When I ask someone every time about their favorite holidays they'll mention 3 or 5 holidays that they liked but with all the people I ask, they choose Thanksgiving as one of the Top 3. Thanksgiving is one of the best holidays of the year. One thing this holiday is best known of is the foods that are prepared for this day. Here are the top 10 most commonly prepared thanksgiving foods.
Stuffing is a mixture of food that used to stuff another food, traditionally poultry like chicken or turkey, before cooking. This is also one of the Top foods that are prepared in a Thanksgiving table. You'll never notice how much stuffing you eat every time you help yourself with the foods in the table. Slightly dry, heavy on the bread, and crumbly are the best stuffing.
Apple-Almond Stuffed Turkey Recipe
1 loaf (1 pound) sliced bread
3 medium onions, chopped
3 medium tart apples, chopped
1-1/2 cups diced fully cooked ham
1 cup sliced celery
1 tablespoon dried savory
2 teaspoons grated lemon peel
1-1/2 teaspoon grated orange peel
1 teaspoon salt
1/2 teaspoon pepper
1/2 teaspoon fennel seed, crushed
1/2 cup butter
1-1/2 cups slivered almonds, toasted
1/2 cup dried currants
1 cup turkey or chicken broth
1/2 cup apple juice
1 turkey (14 to 16 pounds)
Cut bread into 1/2-in. cubes and place in a single layer on ungreased baking sheets. Bake at 225° for 30-40 minutes, tossing occasionally until partially dried.
Meanwhile, in a skillet, sauté the next 10 ingredients in butter until onions and apples are tender, about 15 minutes.
Transfer to a large bowl. Add the bread cubes, almonds, currants, broth and juice; toss well.
Just before baking, stuff the turkey. Skewer openings; tie drumsticks together. Place on a rack in a roasting pan.
Bake, uncovered, at 325° for 4-1/2 to 5 hours or until thermometer reads 180° for the turkey and 165° for the stuffing. When the turkey begins to brown, cover lightly with foil and baste if needed. Yield: 12 servings (12 cups stuffing).
Editor's Note: Stuffing may be baked separately in a greased 3-qt. baking dish. Cover and bake at 325° for 1 hour; uncover and bake 10 minutes more.

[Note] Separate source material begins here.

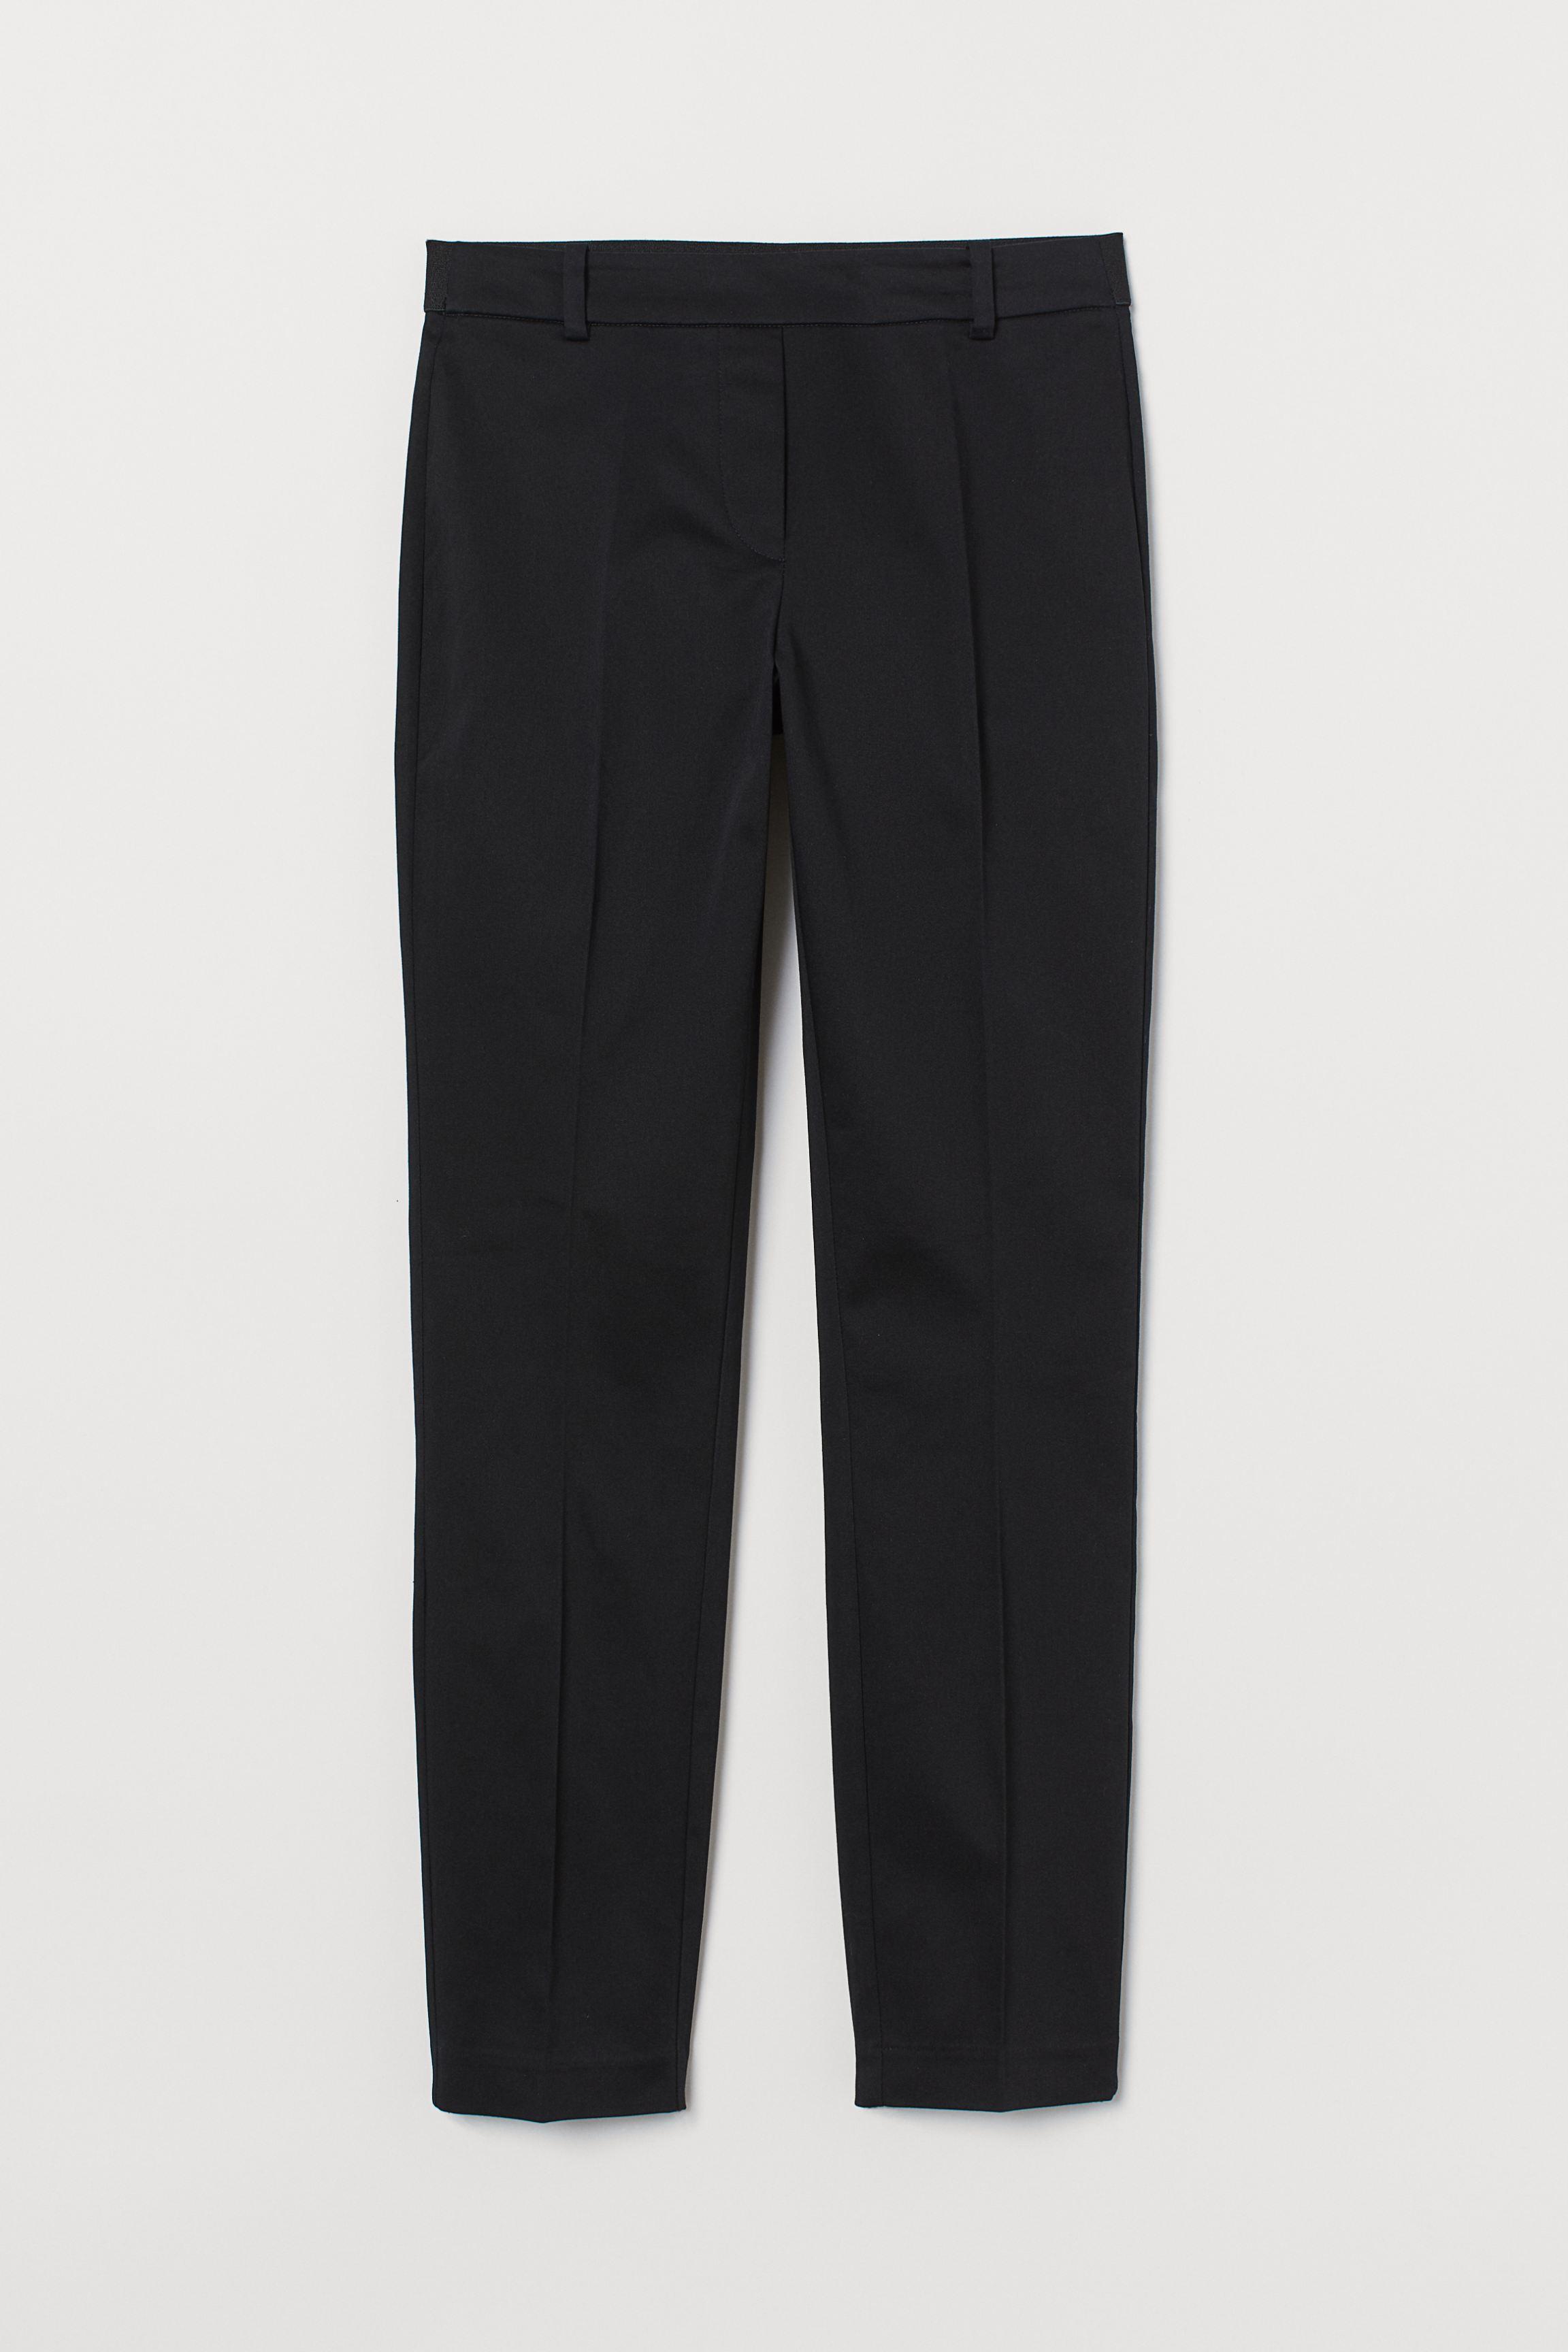 H&M Ankle-length Trousers in Black - Lyst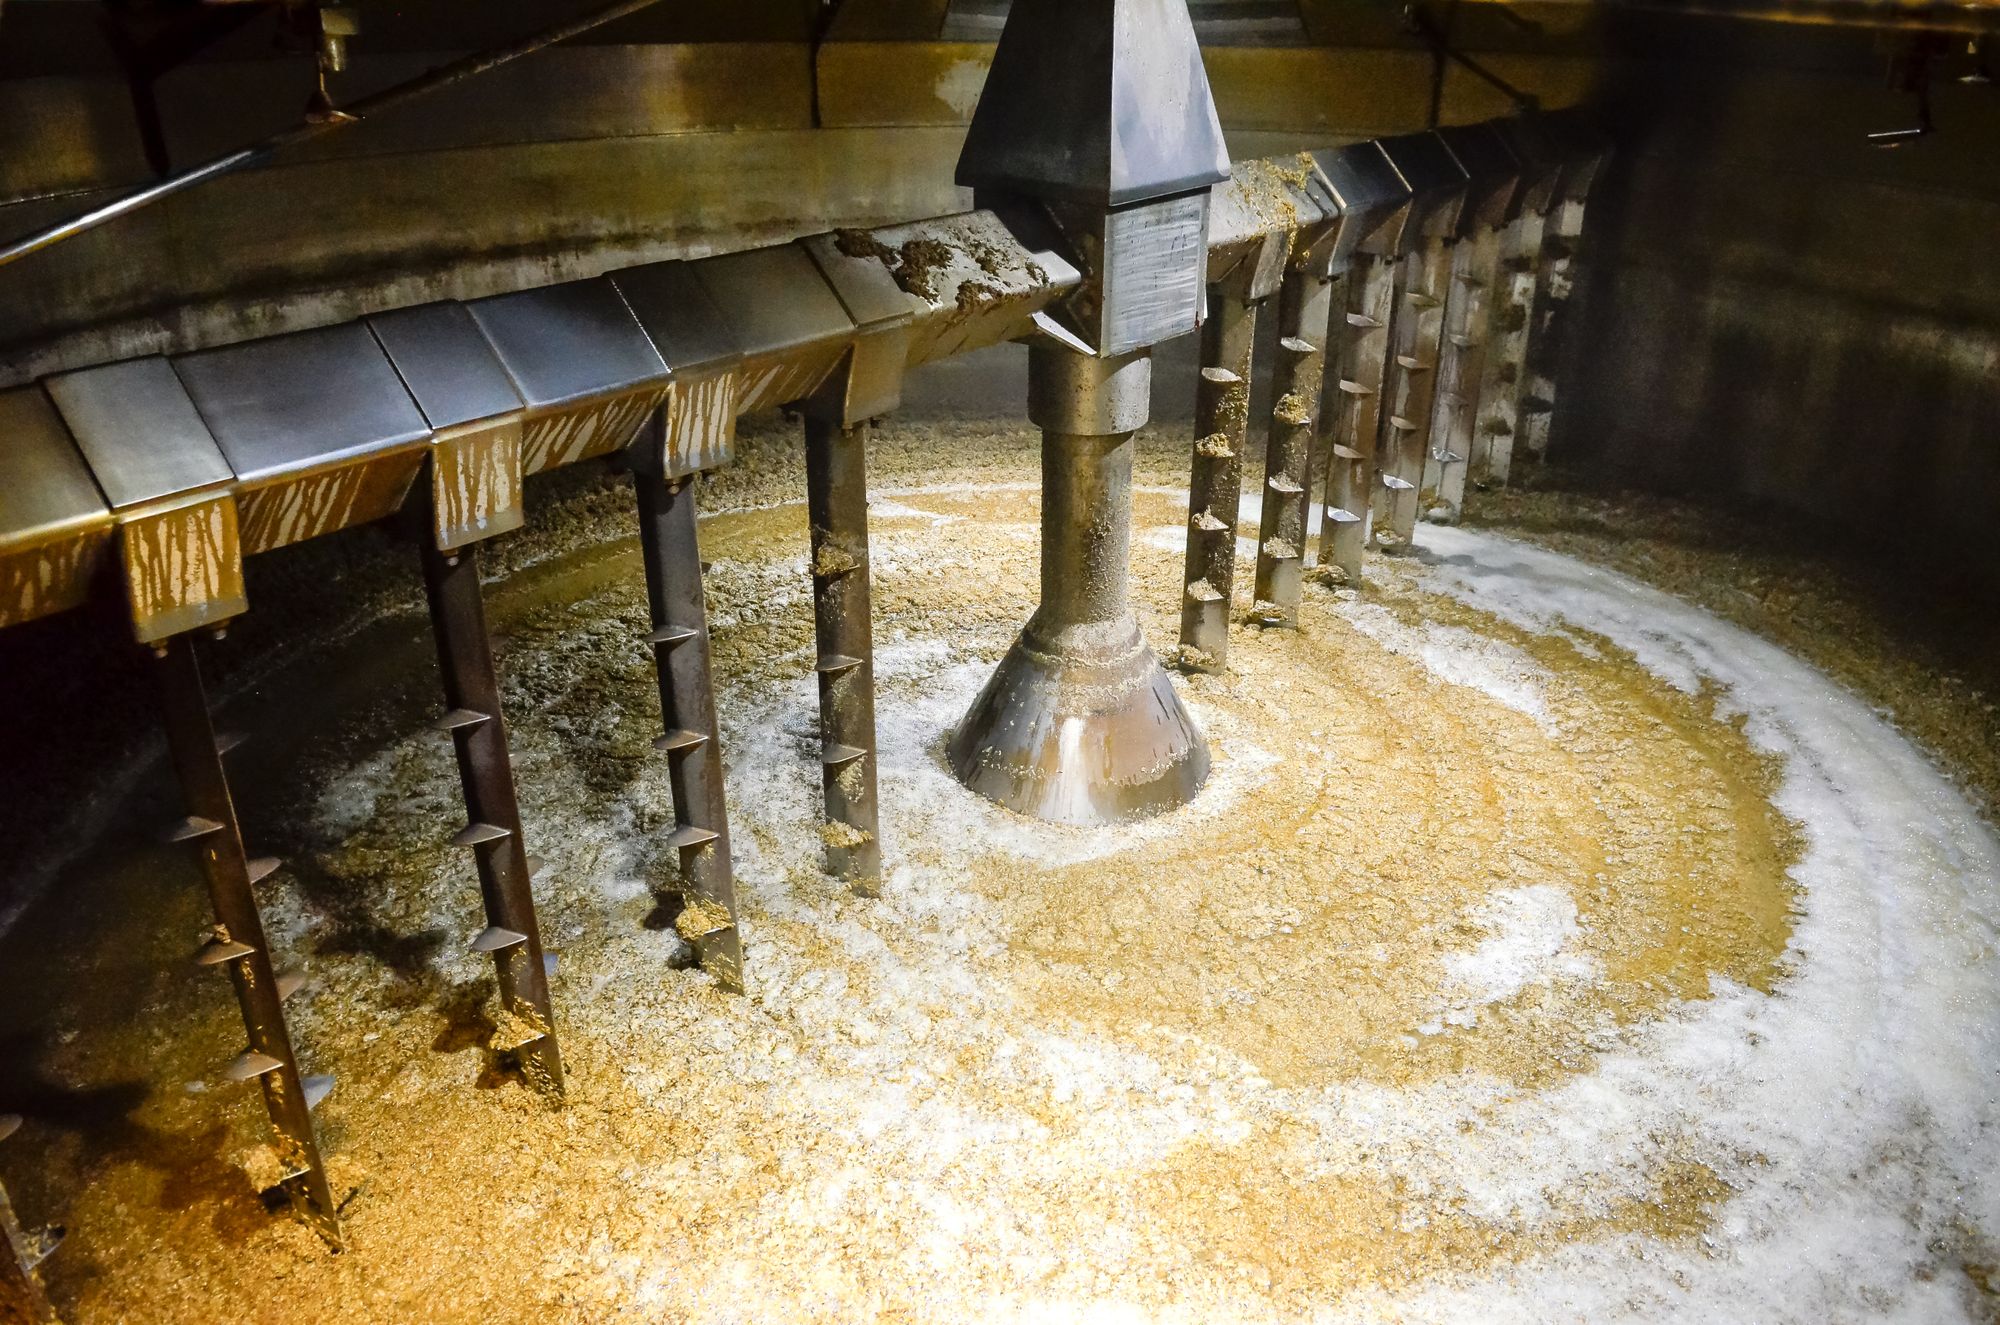 Inside a mash tun during the whisky making process. Photo: Shutterstock

You might not notice it but most of the Thanksgiving table you might go to have this side dish. You can get it from a can, a frozen bag and heat it. Simple. No super long recipe or have a secret recipe in this one. But this definitely gives you a really good side dish to any foods on Thanksgiving Day.
Creamy Corn Recipe
2 packages (16 ounces each) frozen corn
1 package (8 ounces) cream cheese, cubed
1/3 cup butter, cubed
1/2 teaspoon garlic powder
1/2 teaspoon salt
1/4 teaspoon pepper
In a 3-qt. slow cooker, combine all ingredients. Cover and cook on low for 4 hours or until heated through and cheese is melted. Stir well before serving. Yield: 6 servings.
8. Mashed Potatoes
Ah bowl of silky mashed potatoes will definitely delight your senses and is a really good dish to fill up your thanksgiving table. Americans love to partner meat with potatoes that's why they are branded as the Meat and Potatoes culture. A Turkey should be partnered up with a fluffy, white, silky, spud on the side. Make sure not to forget the gravy too.
Light and Silky Mashed Potatoes
2 lb Yukon Gold potatoes (preferably large)
1 1/2 teaspoons salt
2/3 cup whole milk
1/2 stick (1/4 cup) unsalted butter
1/4 teaspoon white pepper
Peel potatoes and cut into 1-inch cubes. Transfer to a 3-quart heavy saucepan and add 5 cups cold water and 1 teaspoon salt then bring to a boil. Reduce heat and simmer, partially covered, until potatoes are tender, 10 to 15 minutes.
Drain potatoes in a colander, then return to pan and cook over moderate heat, shaking pan occasionally, until dry, 1 to 2 minutes. Transfer potatoes to a bowl and keep hot, covered. Heat milk, butter, white pepper, and remaining 1/2 teaspoon salt in saucepan over moderate heat until butter is melted.
Force potatoes through food mill or ricer into hot milk mixture in pan and gently stir with a large heatproof rubber spatula just until combined.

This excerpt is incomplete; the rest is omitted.